また、エルグラードは大国だけに、貴族であっても周辺国を格下に見たり軽視したりする傾向がある。
そういった意味でも、妻の言動はまさにエルグラード貴族の本音であり、真実だった。
「礼儀作法とか、社交などについてもお聞きしたいです。王家に入ると立場が変わりますので、これまでとは違う礼儀作法になると思います。そういったことで何か苦労されたことがありますでしょうか?」
「ないわ」
インヴァネス大公妃は即答した。
「ミレニアスの礼儀作法はエルグラードの礼儀作法と同じということでしょうか?」
「礼儀作法は基本的にどの国でも大差ないわ」
細かい部分は国によって違うことはあるが、基本的に自分よりも身分が高い者に対して無礼なことや不愉快だと思われるようなことをしないようにすればいい。
「自信がない様子の方がよくないの。間違っていても堂々としている方がよっぽど王族らしいのよ」
「間違っていても、ですか?」
真面目なリーナは眉をひそめた。
「誰だって間違えることはあるわ。間違いを恐れて何もできない方がよくないということよ。勿論、間違っていることに気づいたり注意されたりしたらその都度直せばいいわ。私にはこっそり教えてくれる者がいつも側にいるの。その者が何も言わなければ大丈夫よ」
「父上は母上に甘いので、ほとんど何も言いませんが」
「そうでもない。目立たないところで注意するようにしているだけだ。リーナの場合もクルヴェリオン王太子に教えて貰えばいい。何かあっても王太子にそうするように言われたと説明すれば誰もが納得するだろう」
リーナはなるほどと思いながら両親の助言を頭の中にメモした。
「エルグラードの礼儀作法や言語は国際的な儀礼作法や共用語になっているから周辺国でも十分通じるわ。私はミレニアス語が未だに苦手だけれど、それでも不自由はしていないの。ミレニアスの王族と貴族はいかに流暢なエルグラード語を話せることが重要なのよ。そうよね?」
「その通りだ」
インヴァネス大公が頷く。
「ミレニアスにとってエルグラードは最重要国だ。その言語が話せないようでは話にならない。身分の高い者やよりよい仕事につきたい者ほど熱心にエルグラード語の習得を目指す」
インヴァネス大公の話には続きがあった。
「但し、身分的な配慮もある。フェリシアが王族妃だからこそエルグラード語を使って話しているだけで、普段の会話はミレニアス語である者が多い」
「エルグラード語しか話さない方が王族妃らしくていいと言ったのは貴方よ?」
「フェリシアがエルグラードで生まれ育ったことは知られている。ミレニアス王家で最も支持されている女性であることを考えても、今のままでいいとは思っている」
「最も支持されているのですか? 凄いです! エルグラード出自であっても、ミレニアスの者達に受け入れられているということですね!」
リーナは感嘆の声を上げたが、インヴァネス大公妃はすぐに首を横に振った。
「今でも陰口は言われているわね」
王族妃らしくない。子供ができたからしぶしぶ迎え入れた。大した血筋ではない。所詮他国人だ、などと思っている者達が少なからずいる。

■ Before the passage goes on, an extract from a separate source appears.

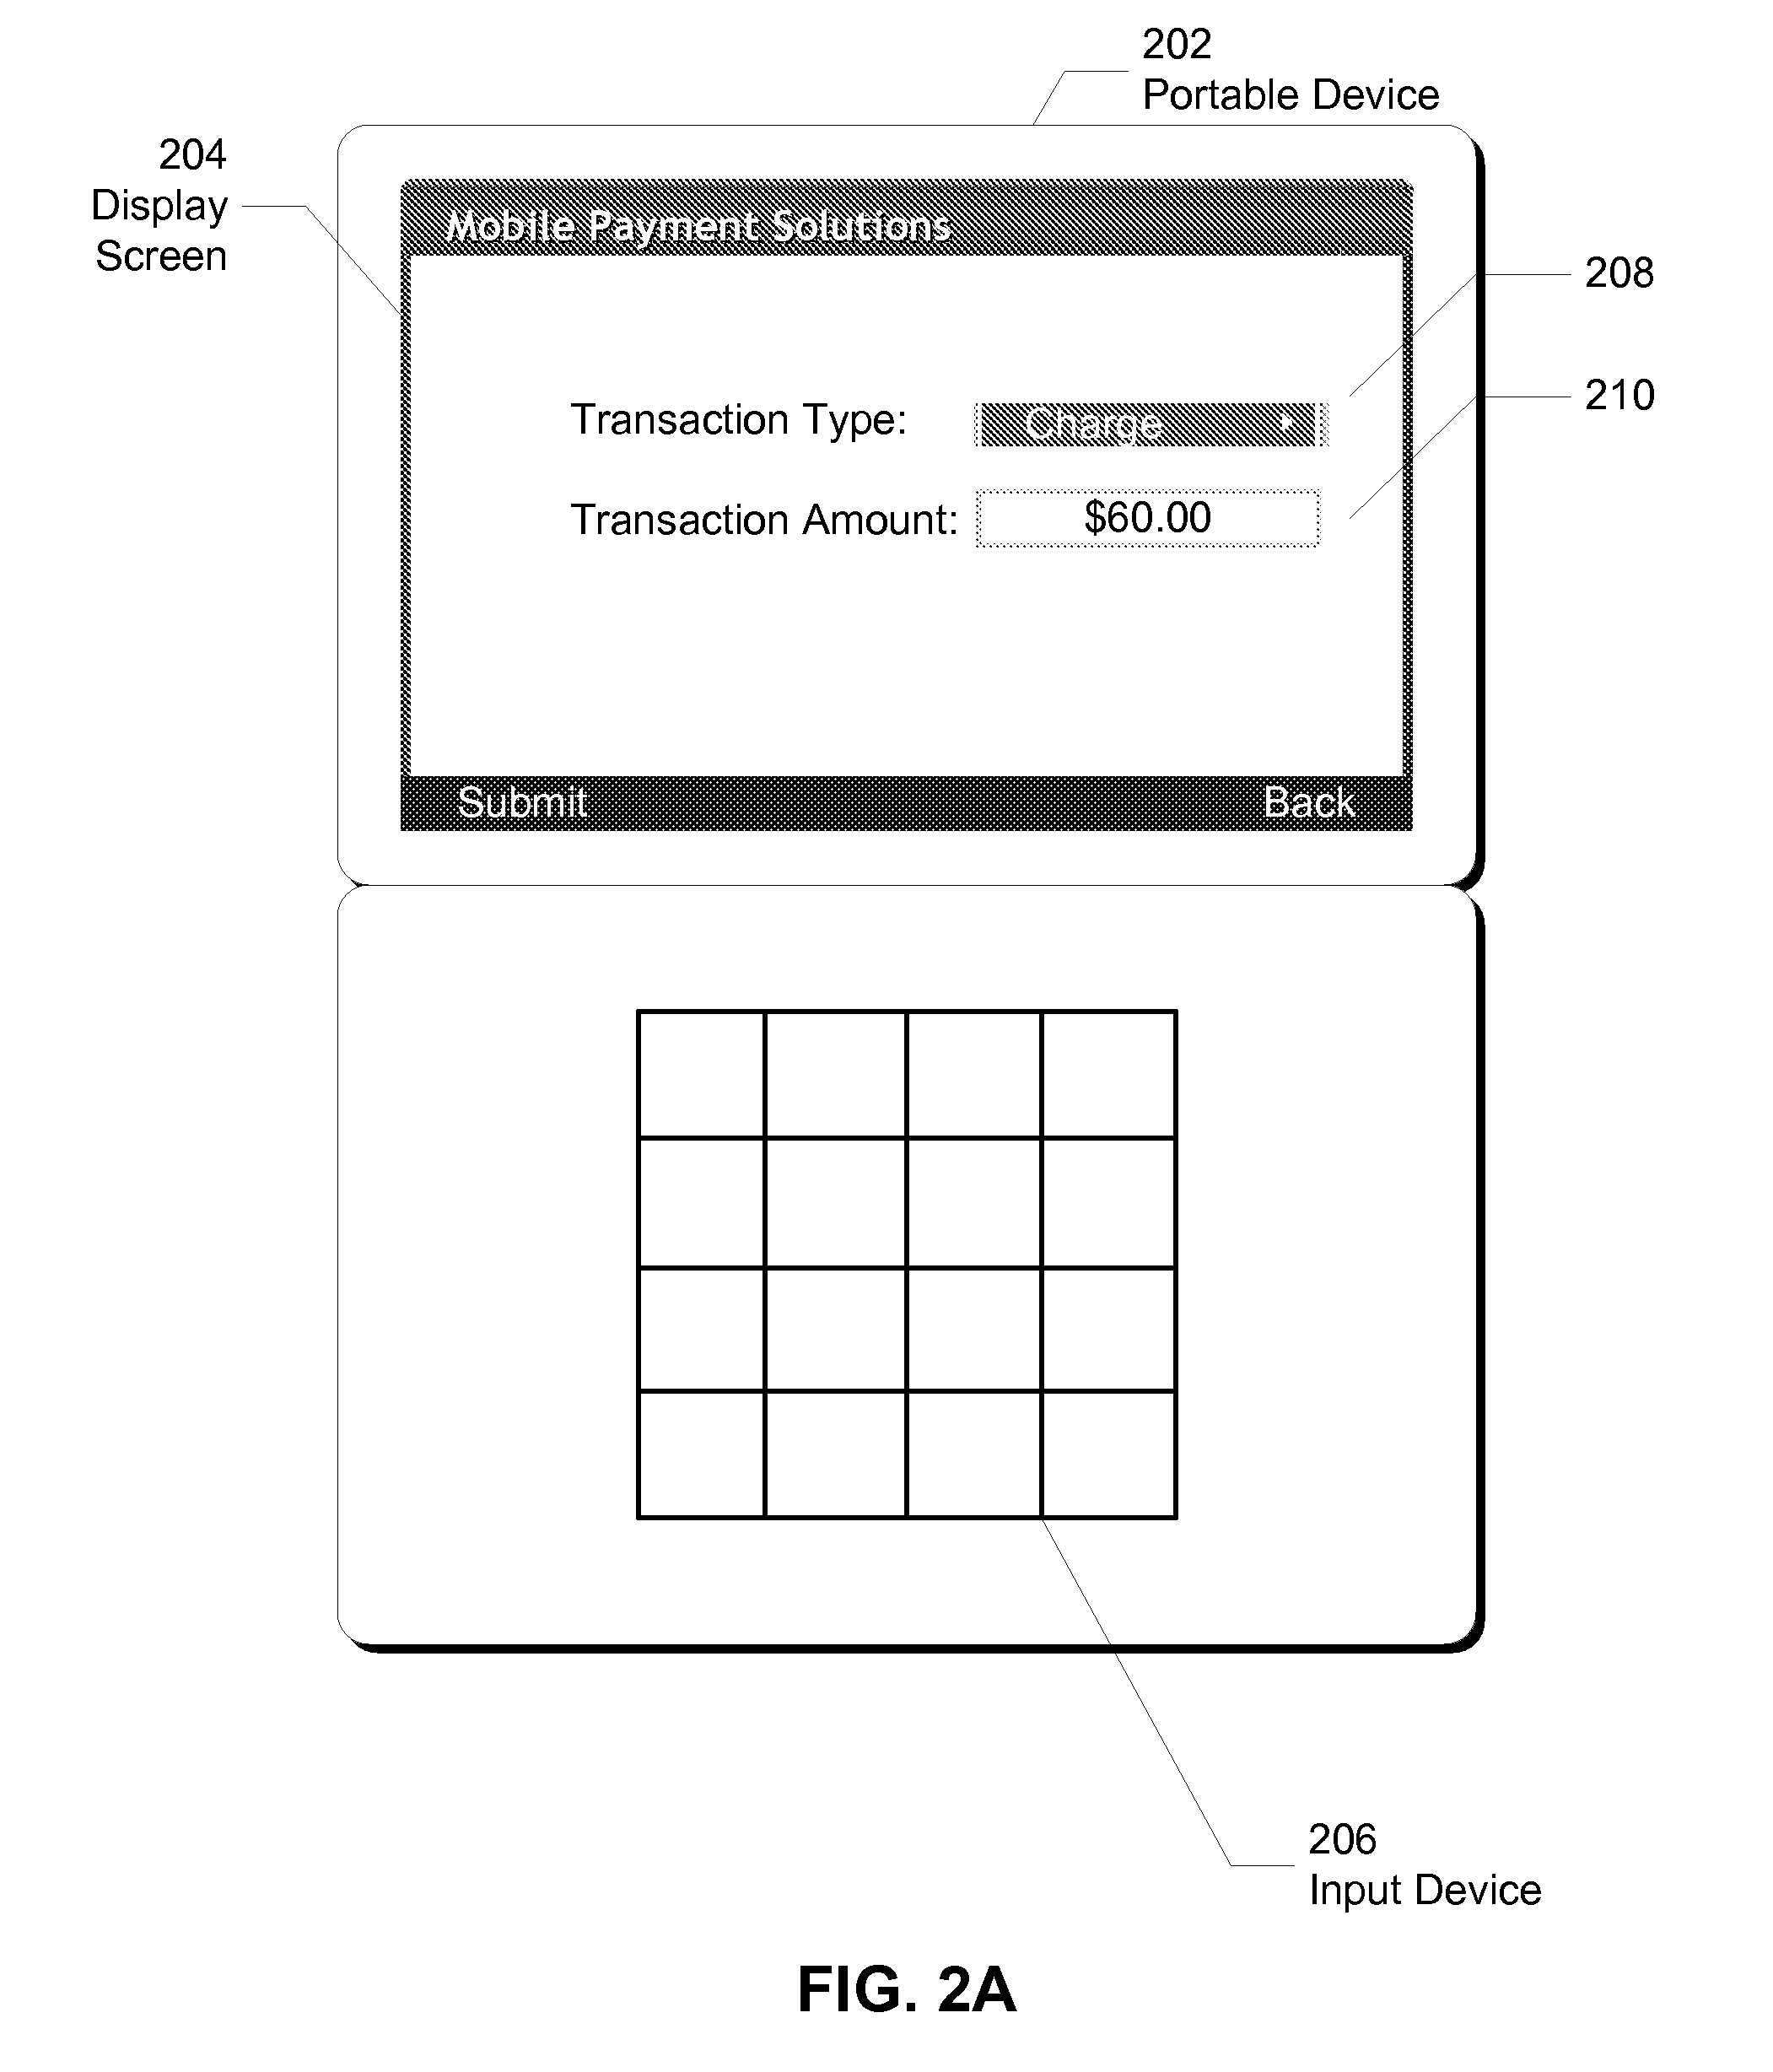 Method and system for performing a card-present transaction using image capture on a portable device

それはフェリシアが跡継ぎを産み、正妃になり、王家で最も支持されている女性になってもいなくなることはない。
「でも、国民の大多数が支持をしてくれているし、親エルグラード派の貴族も何かと擁護をしてくれているわ。そういったこともあって、公の場で私をあらかさまに見下す者はいないわね」
「どうして国民から支持されているのでしょうか?」
何か理由があるはずだとリーナは思った。
「真っ先に思いつくのは、王妃と側妃が張り合うことに夢中で評判が悪いからでしょうね」
ミレニアスにおける女性はいかに高位で条件のいい相手と結婚するかに重きを置いている。人生の全てを結婚に賭けているといっても過言ではない。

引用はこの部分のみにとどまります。